# Acoustic Strings; What brand?



## ne1roc (Mar 4, 2006)

My Carvin 980 came with Elixer strings. I really loved the tone of these strings but I had a bad experience so I've been staying away from them. The problem I had was the coating on the strings seemed to be peeling/fraying off during a gig? After the gig all my fingertips felt like they had tiny slivers in them. It took about 2 weeks for the pricking sensation to disappear. I could actually see the coating almost fraying off the strings when I examined them closely.

Anyways I have DAddarios at the moment and don't really like the tone. They are extremely stiff, which I hate. I just put some Dean Markleys on my Seagull last night, and they sound pretty nice, but not quite as nice as the Elixer's. I think I may try some Ernie Balls next?

The best set of strings I ever tried were given to me by my brother-in-law. He got them in Montreal and said its the only place you can get them. Unfortunately I can't remember the name, but I assume they were some sort if boutique string.

Anyways, I'm open to suggestions.


----------



## Graham (Jan 26, 2007)

I like John Pearse either the 80/20s or the PBs. Currently I have the 650 Bluegrass PB strings on my JF and I get great sustain, volume and clarity.

I only play at home, but I try to play every night for a couple hours and I get a month or so out of them before they start to sound a bit off.

I have been using JPs for over a year now, the lights, slightly lights and the light mediums.


----------



## Antz_Marchin (Mar 31, 2006)

ne1roc said:


> My Carvin 980 came with Elixer strings. I really loved the tone of these strings but I had a bad experience so I've been staying away from them. The problem I had was the coating on the strings seemed to be peeling/fraying off during a gig? After the gig all my fingertips felt like they had tiny slivers in them. It took about 2 weeks for the pricking sensation to disappear. I could actually see the coating almost fraying off the strings when I examined them closely.



Very weird. Did you buy the guitar from a showroom without having them replace the strings?? If so, thos were likely 6-12 month old Elixirs that have taken an absolute beating. I used Elixir Nanowebs on all of my Taylors for years and never had any issues like you mentioned, until I started playing with a drum/bass 3 piece and was getting more agressive on my strumming and started breaking strings consistently. I started using D'addario EXP as well as Dean Markley Alchemy strings and like them both. I like the tone of both about 90% as much as I like elixirs but I like the fact that they aren't costing me $20 a gig to fix the broken ones. 

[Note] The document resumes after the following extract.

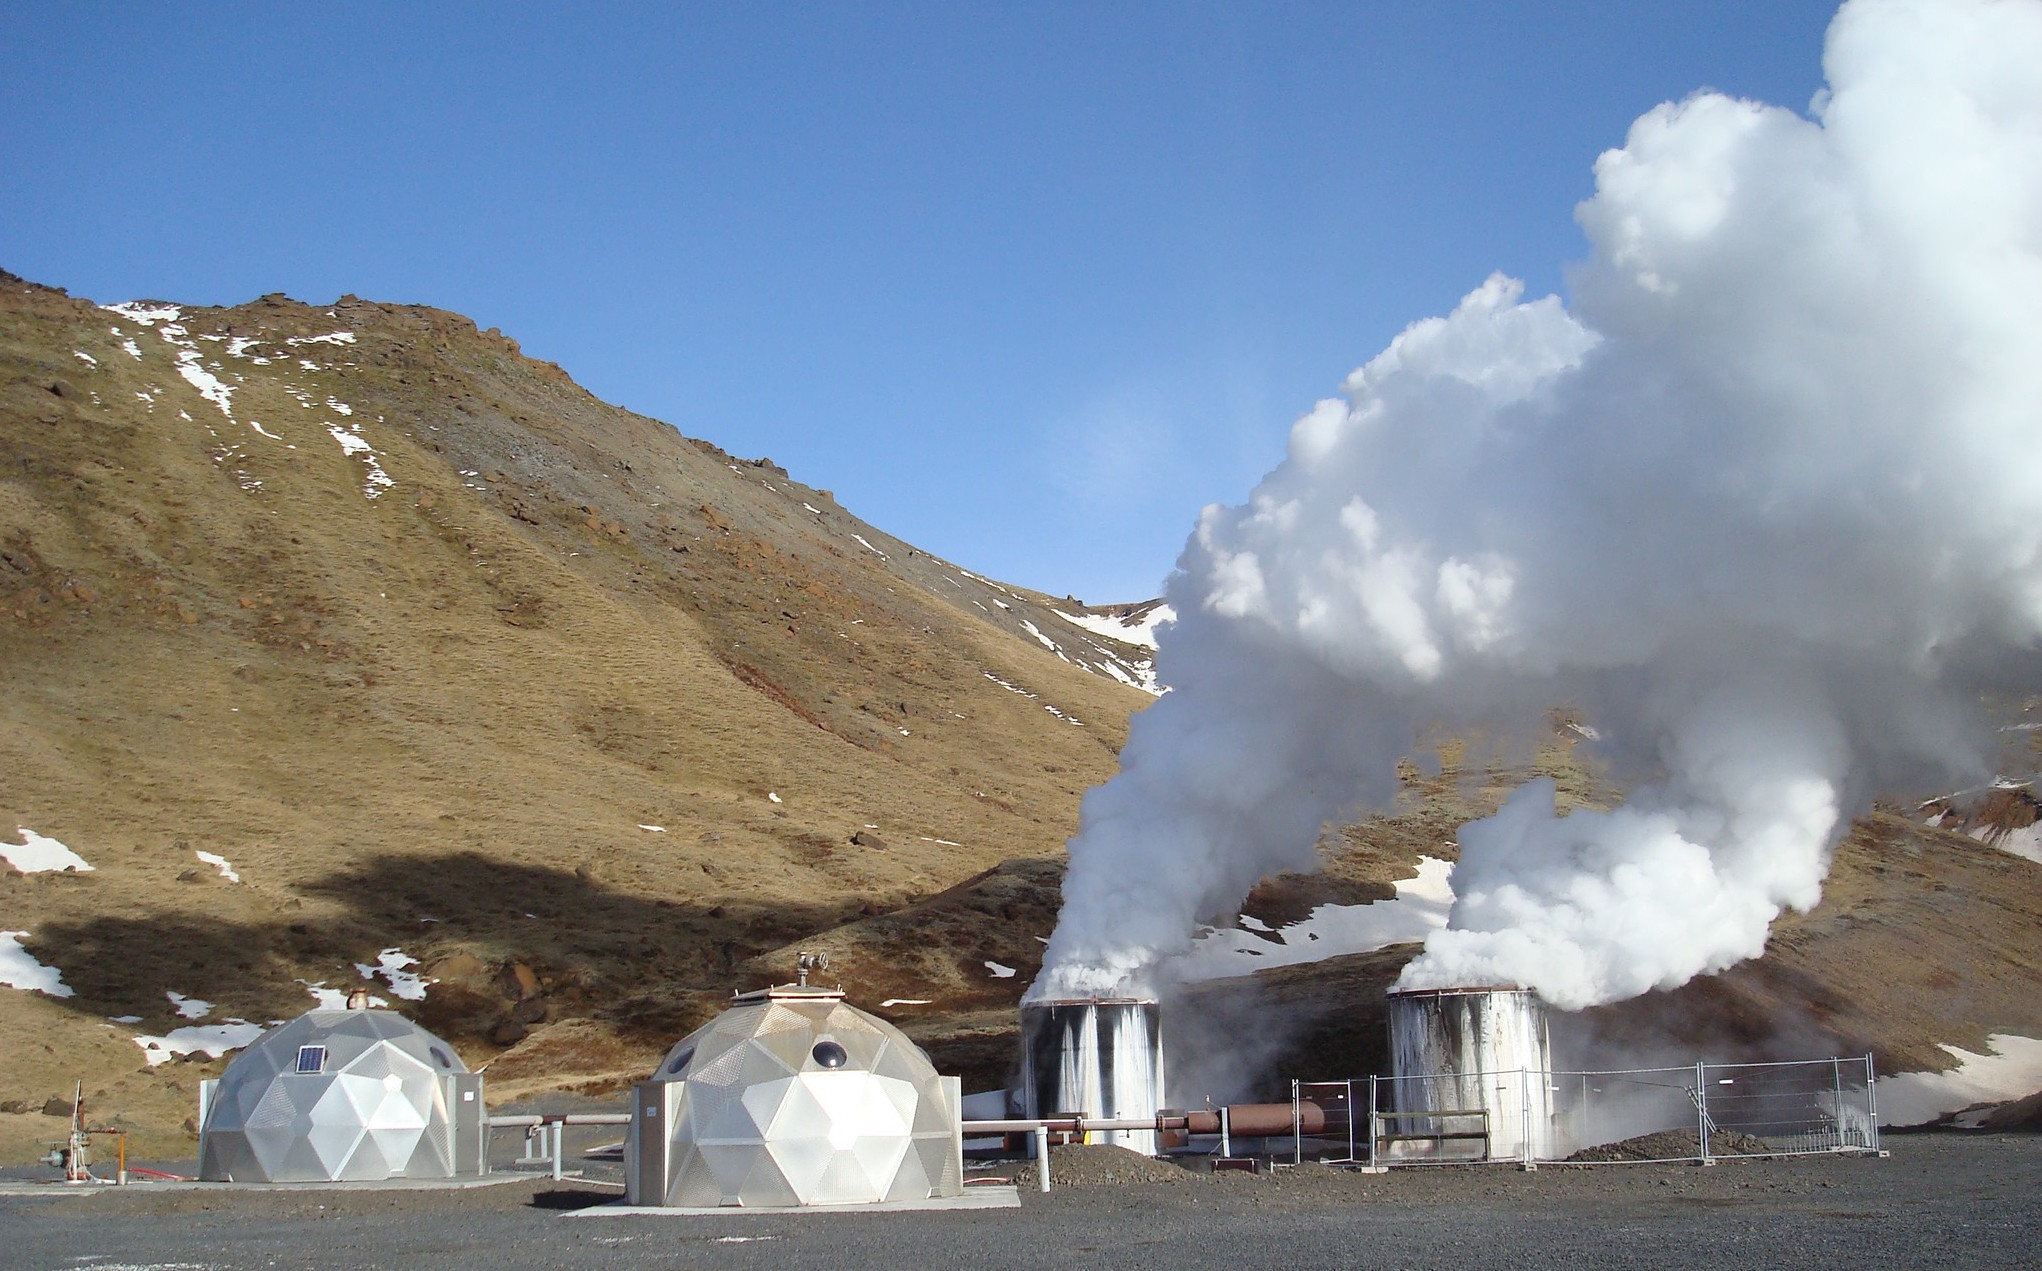 Geothermal energy. ГЕОТЭС В Исландии. Геотермальная энергия в Исландии. Геотермальные станции с гейзерами. Геотермальная станция Hellisheidi в Исландии.
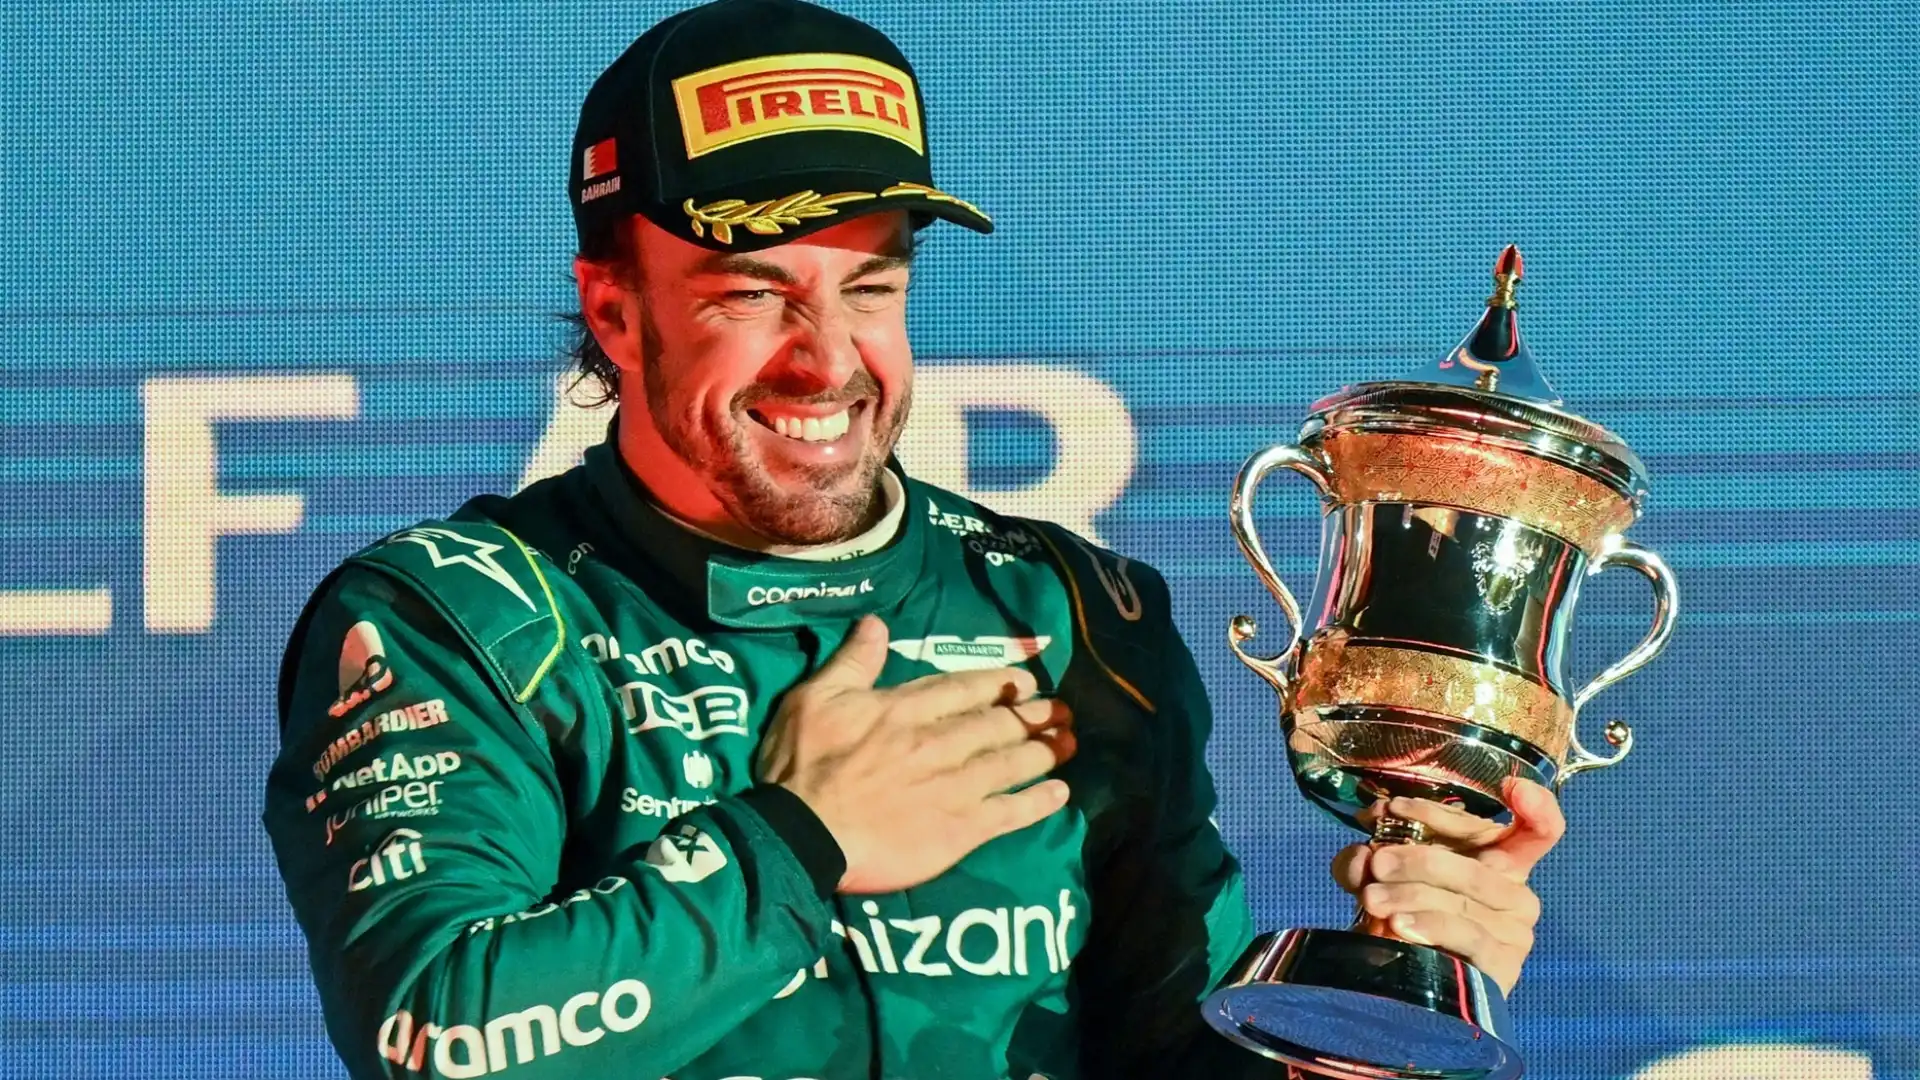 Alonso potrebbe diventare il pilota svincolato più ambito della F1, e la Red Bull potrebbe pensarci, visti i buoni rapporti con lo spagnolo

If that wasn't a brand new set of Elixir Nano's that you had the problem with, give them another go, I'm certain it won't happen with a new set.


----------



## fret15 (Feb 17, 2006)

I like the Ernie Ball Earthwoods (set of 12s) personally.


----------



## Gilliangirl (Feb 26, 2006)

I don't play out, but I do go through strings regularly. I've never had that experience with Elixirs. In fact, I'll treat myself to Elixirs every now and then..... I love them (mediums, thank you ever so). I think Antz_Marchin is right.... they must have been really old. I find Elixirs have about 3 lives. When they first go on they're really bright and chimey, then they're vibrant and chimey, then they're mellow and chimey. I also like the John Pearse. I'm just about to string up my guitar tonight with Martin SP's. Everyone I know has raved about them so I'm going to give them a try.


----------



## fraser (Feb 24, 2007)

i tried a set of martin sp and martin claptons choice this week. ive used daddario medium phosphour bronze all along on acoustic, this was an experiment- for the last week im liking the clapton martins on my cedar topped parlour. the sp set sounds brighter , but feels the same on my spruce topped el-00. gonna try the claptons on the el-00 to see, but im thinking theyre the same, its the guitars that are different.


----------



## suttree (Aug 17, 2007)

i think the best sounding strings to my ears are the martin SP's. for a great balance between tone and long life, try the new cleartone strings. they're great sounding, and they don't have that "slippery" feel (i know that's what a lot of people like, but if you're an aggressive bender like me, they're horrible because they slide out from under your fingers).


----------



## Gilliangirl (Feb 26, 2006)

fraser said:


> i tried a set of martin sp and martin claptons choice this week. ive used daddario medium phosphour bronze all along on acoustic, this was an experiment- for the last week im liking the clapton martins on my cedar topped parlour. the sp set sounds brighter , but feels the same on my spruce topped el-00. gonna try the claptons on the el-00 to see, but im thinking theyre the same, its the guitars that are different.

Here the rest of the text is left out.